Hearty recommendation to go formal and professional with tires, brakes and suspensions. I’d do it all in 1 go to get the best deal as a package.
When you’re driving at 35, 55 or 70 mph, you want to have confidence in your suspension, tires and brakes.
Chris
#21
If good used arms are available at a fair price, consider getting them and practicing a bushing/removal install on the rusty ones.
IMHO, in response to the question in post #1 "What do you think from looking at the pictures?", it would be better if they were replaced, they are going to flex enough. The factory used them in new stronger condition and felt an upgrade to boxed arms was even better. Due to rust these have gone the opposite direction from the boxed upgrade.
IMHO, in response to the question in post #1 "What do you think from looking at the pictures?", it would be better if they were replaced, they are going to flex enough. The factory used them in new stronger condition and felt an upgrade to boxed arms was even better. Due to rust these have gone the opposite direction from the boxed upgrade.
#22
If you plan to press other "objects" not necessarily control arms since a device of this type works on a plethora of other equipment, devices & the like - it's well worth the investment.

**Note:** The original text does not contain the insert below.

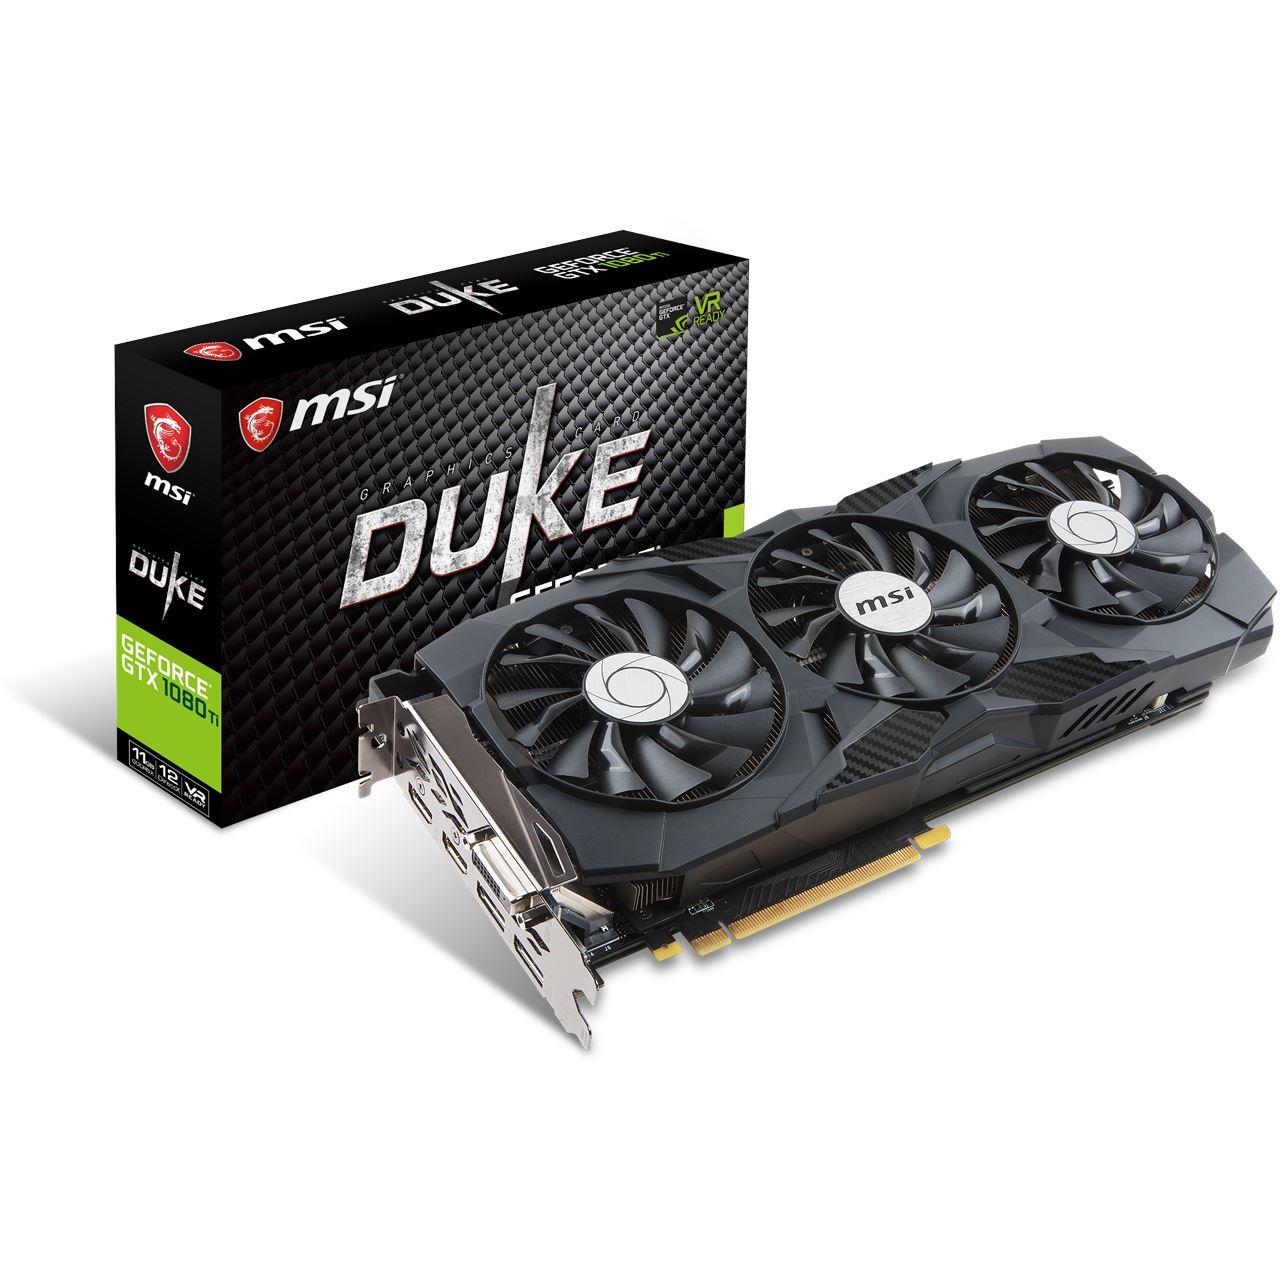 MSI GeForce GTX 1080 Ti Duke OC - 11GB
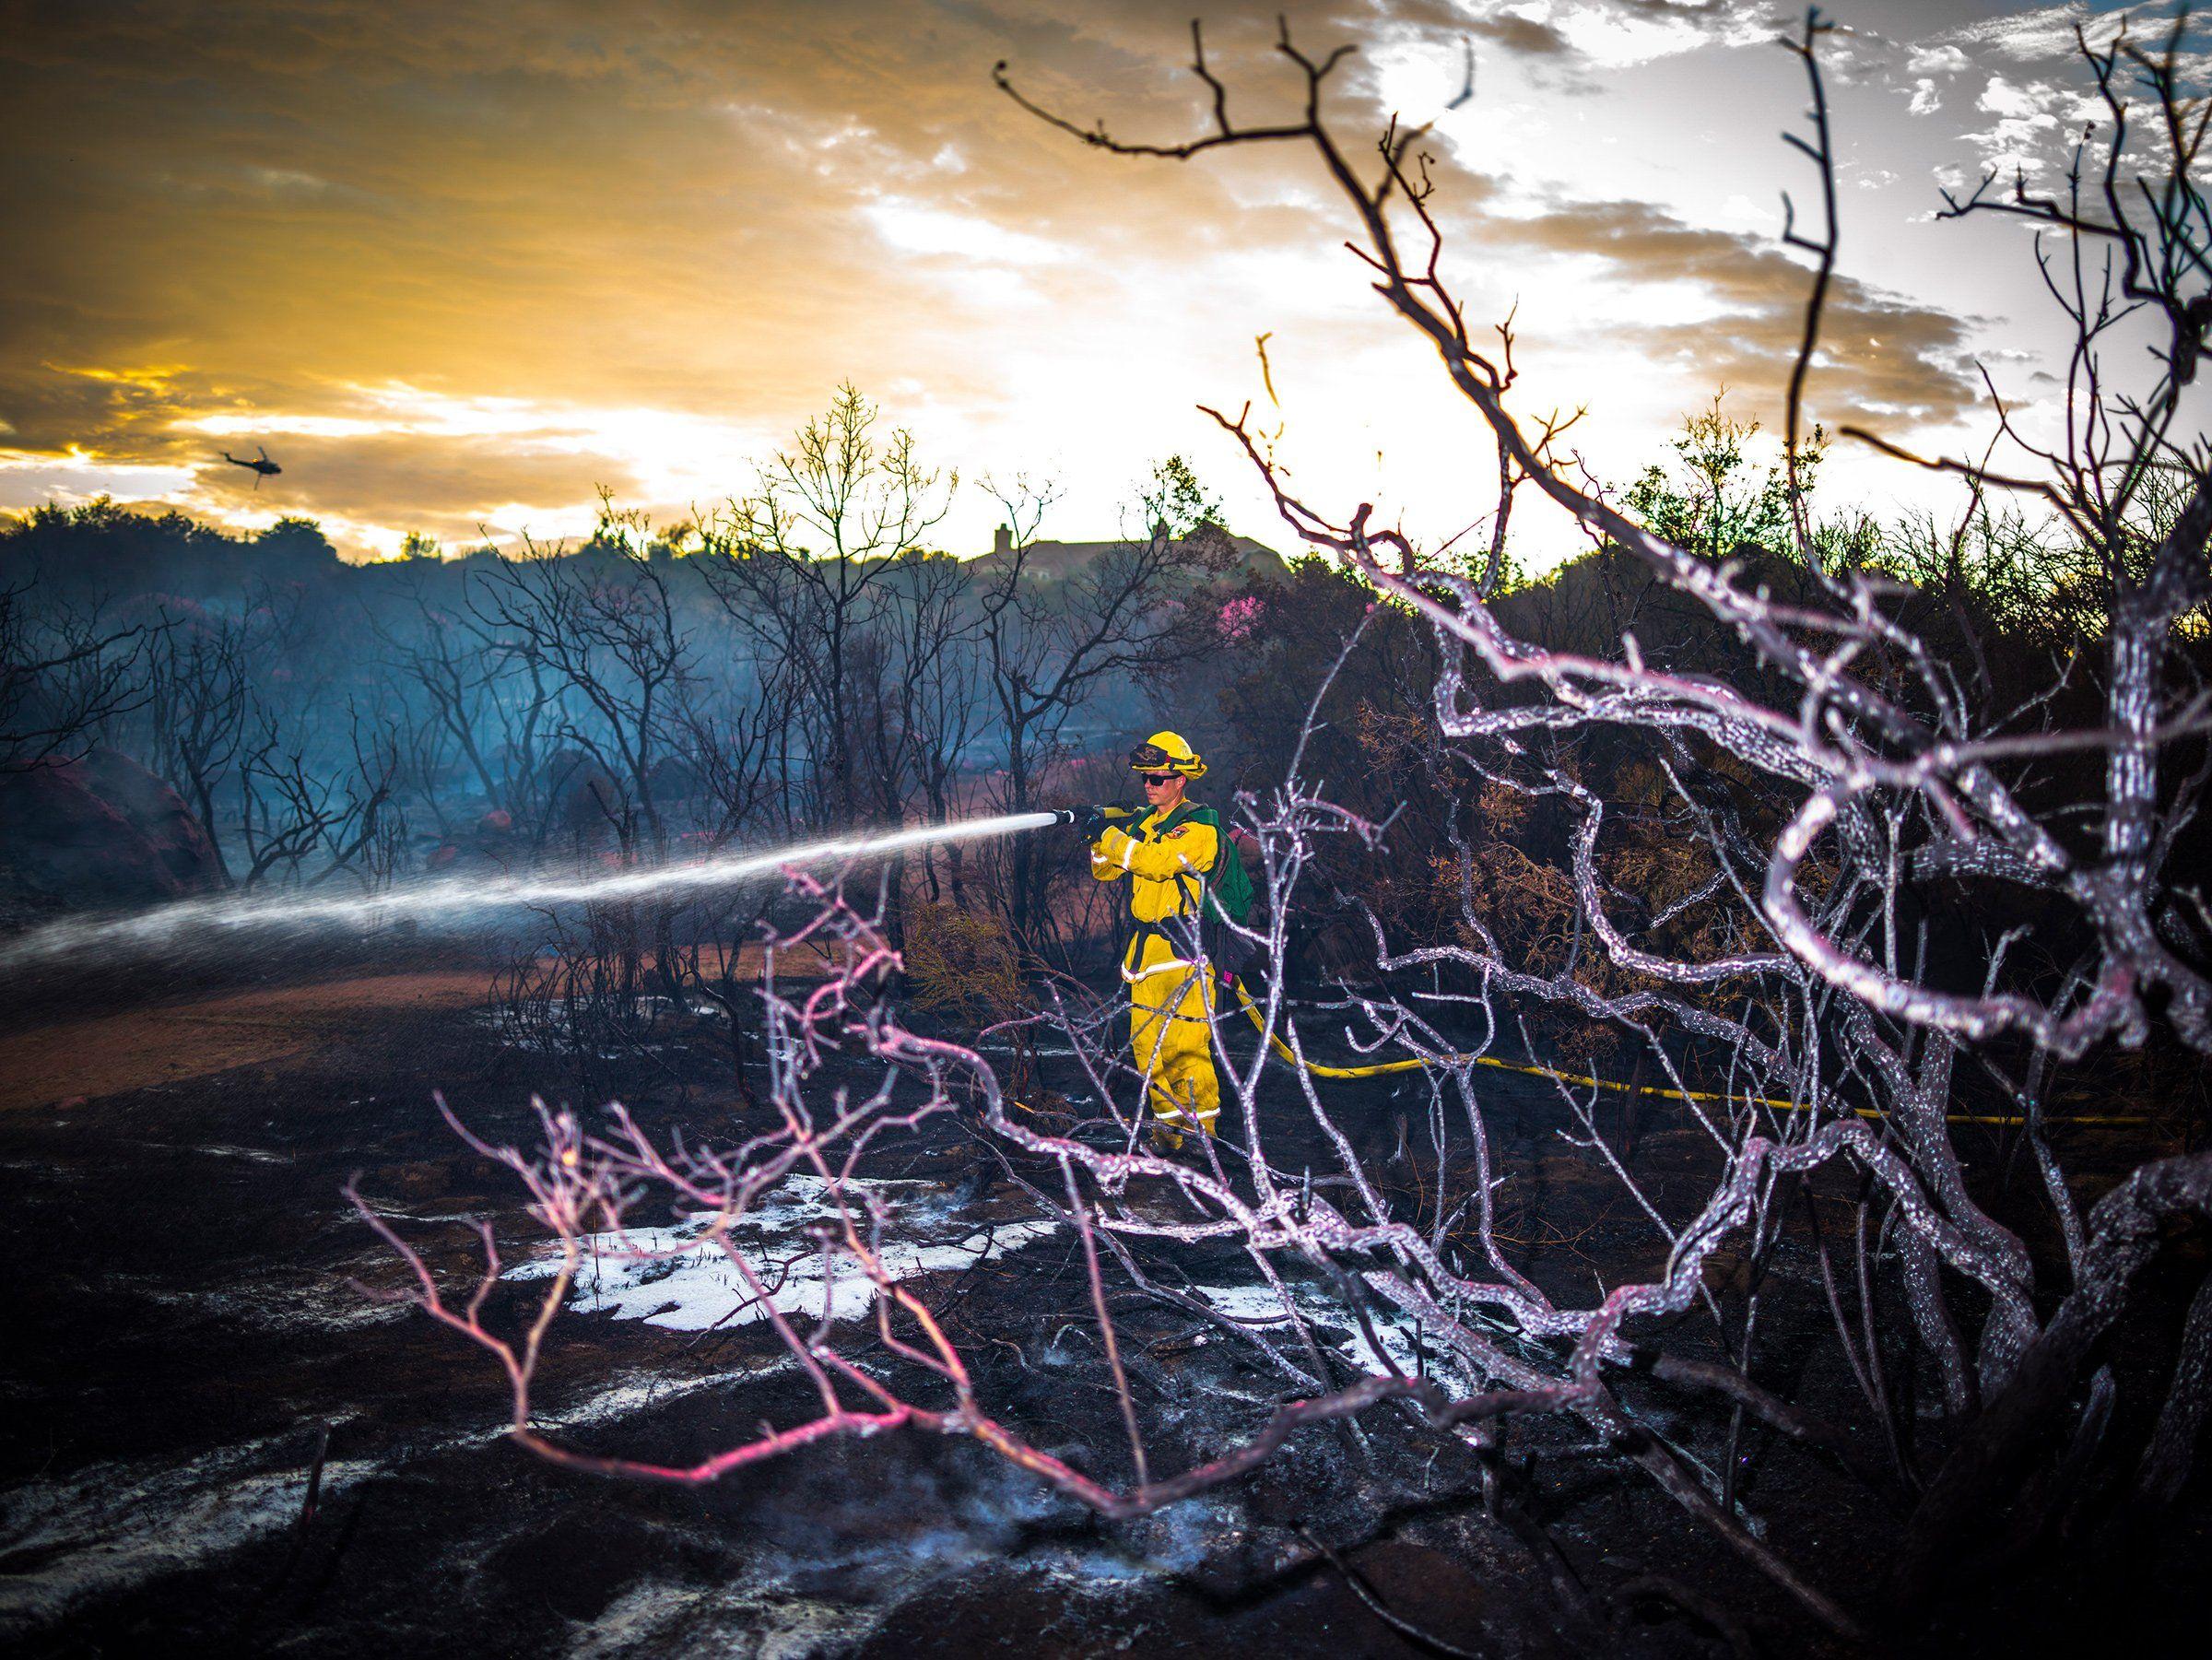 A firefighter extinguishes hotspots near the origin of the Tenaja Fire near Murrieta, Calif., on Sept. 5.

https://www.homedepot.com/p/Powerbui...0579/203120703
https://www.homedepot.com/p/Powerbui...0579/203120703
#24
The OP's arms look pretty scaly. I personally would at least replace them with stock arms in better shape. I've routinely replaced bushings with nothing more than a torch, a bench vise, and some sections of pipe or sockets with the right diameter. There is almost no chance that you'll get those old bushings out with a press or tool. I just burn out the rubber, compress the remaining shell with a hammer and punch, and the shell falls out. This is a smelly, smoky mess, so do it over a metal container. I've even done this with a propane torch before I got me ox-acetelyne system. Clean up the bores before installing the new bushings. Wipe some wheel bearing grease onto the mating surfaces before installing the new bushings. Cut a length of angle iron or eve wood to hold the sides of the control arms apart when installing the new bushings. Use a pipe or socket that ONLY presses on the outer flange of the new bushings, not the rubber. I've installed the new bushings with a large bench vice and also a three pound sledge hammer. And yes, the bushings all press in from the same side of the arms. These are not RH/LH. Both sides are the same.
#25
I did want to keep the vehicle as original as possible, but at some point, you have to decide if it is worth it. There are several aftermarket arms that look pretty good and likely function better than OEM. It would be a learning experience and satisfying to remove the bushings, blast, paint, and install new rubber bushings, but with that time involved I could get all new and functionally stronger arms. I guess that is a dilemma that others have faced as well. When to fight for originality. I like the looks of the hotchkis arms.
These arms linked look OEM, but I always worry about quality and origin for these e-bay products. Any thoughts on these?
https://www.ebay.com/itm/40339813690...aed166f3114ef0
These arms linked look OEM, but I always worry about quality and origin for these e-bay products. Any thoughts on these?
https://www.ebay.com/itm/40339813690...aed166f3114ef0
Last edited by nickwisconsin; October 10th, 2023 at 01:44 PM.
#26
I realize I'm a little late to this party, but everyone is worried about how to replace bushings without looking closely at the pics. It looks like both sets of control arms need replacing. The short ones have been almost worn through. You need to have the groves welded in or get new ones. Better yet, get a whole new set of uppers and lowers with the bushings already installed. You will need to replace the bushings in the differential housing too and from what I have read, those are the ones that are a beast to replace.